Libby trusts too easily, disregards common sense, and seems to flit from one interest to the
next. When Libby is left alone to explore Bangkok, their next stop, two men kidnap her
and t plan to enslave her. Slade finds her and, together, they escape. In Kathmandu, Slade takes
them to a hotel owned by an old girlfriend, QUEENIE. As they go off together, Libby borrows
a bus and lets Cody drive the group on a tour which she leads. Monkeys bouncing off the
windshield end in a bus wreck. Libby, certain she will be sent home, joins the group for one
last night out, but Slade shows up. He relaxes with the group for the first time and, when he
and Libby share a show dance, the kiss they share is anything but goodbye.  

And they haven't yet begun their trek through the Himalaya.


The Earth Moved: Ruby and the Little People

My novel, The Earth Moved text is complete! While it got its ongoing edits, I am just beginning my deep edit: check for misplaced modifiers, junk words, awkward phrases, and overused words (she thought, he felt, I knew, etc)(maybe, probably, pretty, and kind of).
"She thought she knew how he felt, but probably it was a pretty long shot, kind of like intuition." Okay, that is out of my system!

The Earth Moved concerns Ruby Stiffbeard, a Dwarf, from Irth, jumping into modern Earth, only to land in a reality dating show for little people. She learns what being a dwarf is like here in the 'land of the free.' She meets Thorn Bierman, a cameraman who is fleeing justice after committing environmental terrorism (or activism, depending on your point of view) against a fracking operation in Texas. Ruby speaks out so much against the humiliating activities the dating contestants must do to win a "tiny but handsome" bachelor that she gets kicked off the show.
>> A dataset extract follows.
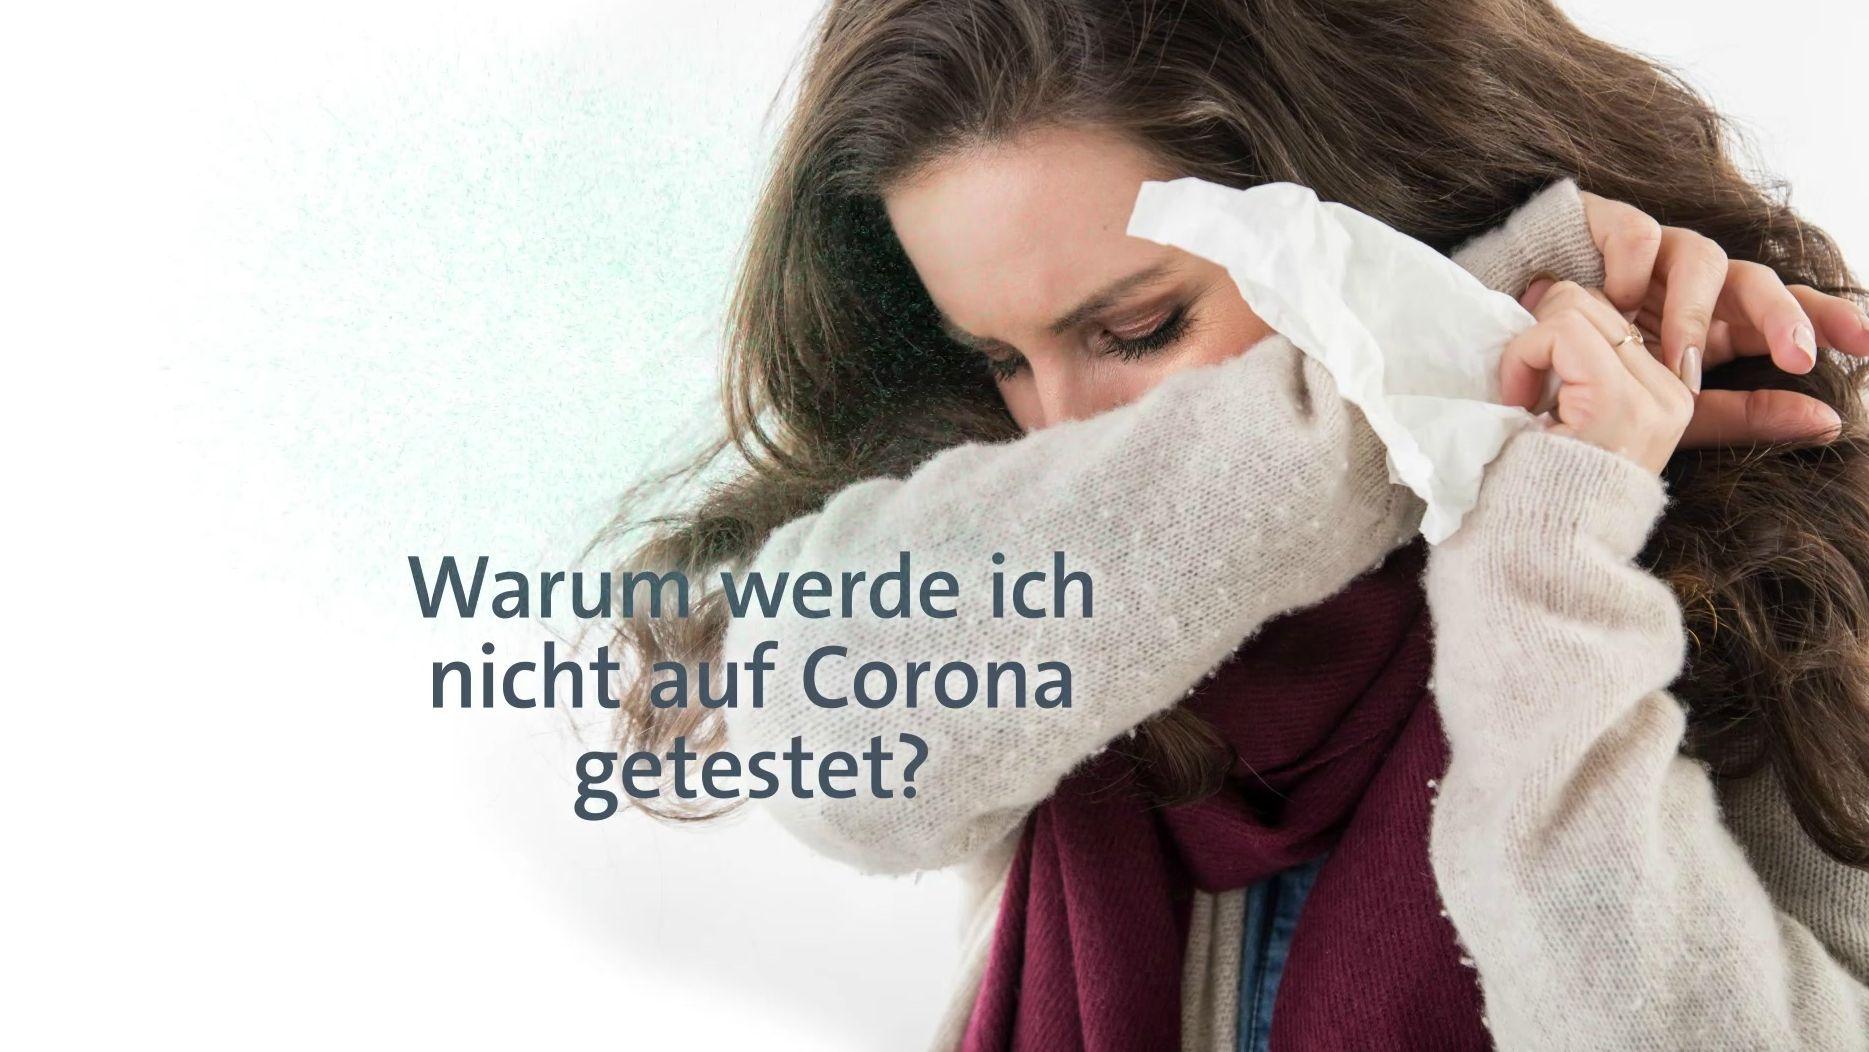 #fragBR24💡 Corona: Warum wird nicht generell getestet?

The victim of Thron's sabotage comes to California to get revenge. Ruby begins her own talent agency to help dwarf actors and others who are usually relegated to 'character parts' get roles normally reserved for average-sized pretty people. Thorn's house is blown up when Texas refuses to extradite him for trial and he is hospitalized. The fairies in charge of transporting agents to Earth to improve the planet they all share insist that Ruby go back with them. Can she/will she leave the man she loves or risk a reversal of all she's accomplished? Can her fledgling talent agency survive without her at the helm? And if she stays, will her sister, being raised by elves back home, go through plastic surgery on her ears to fit in?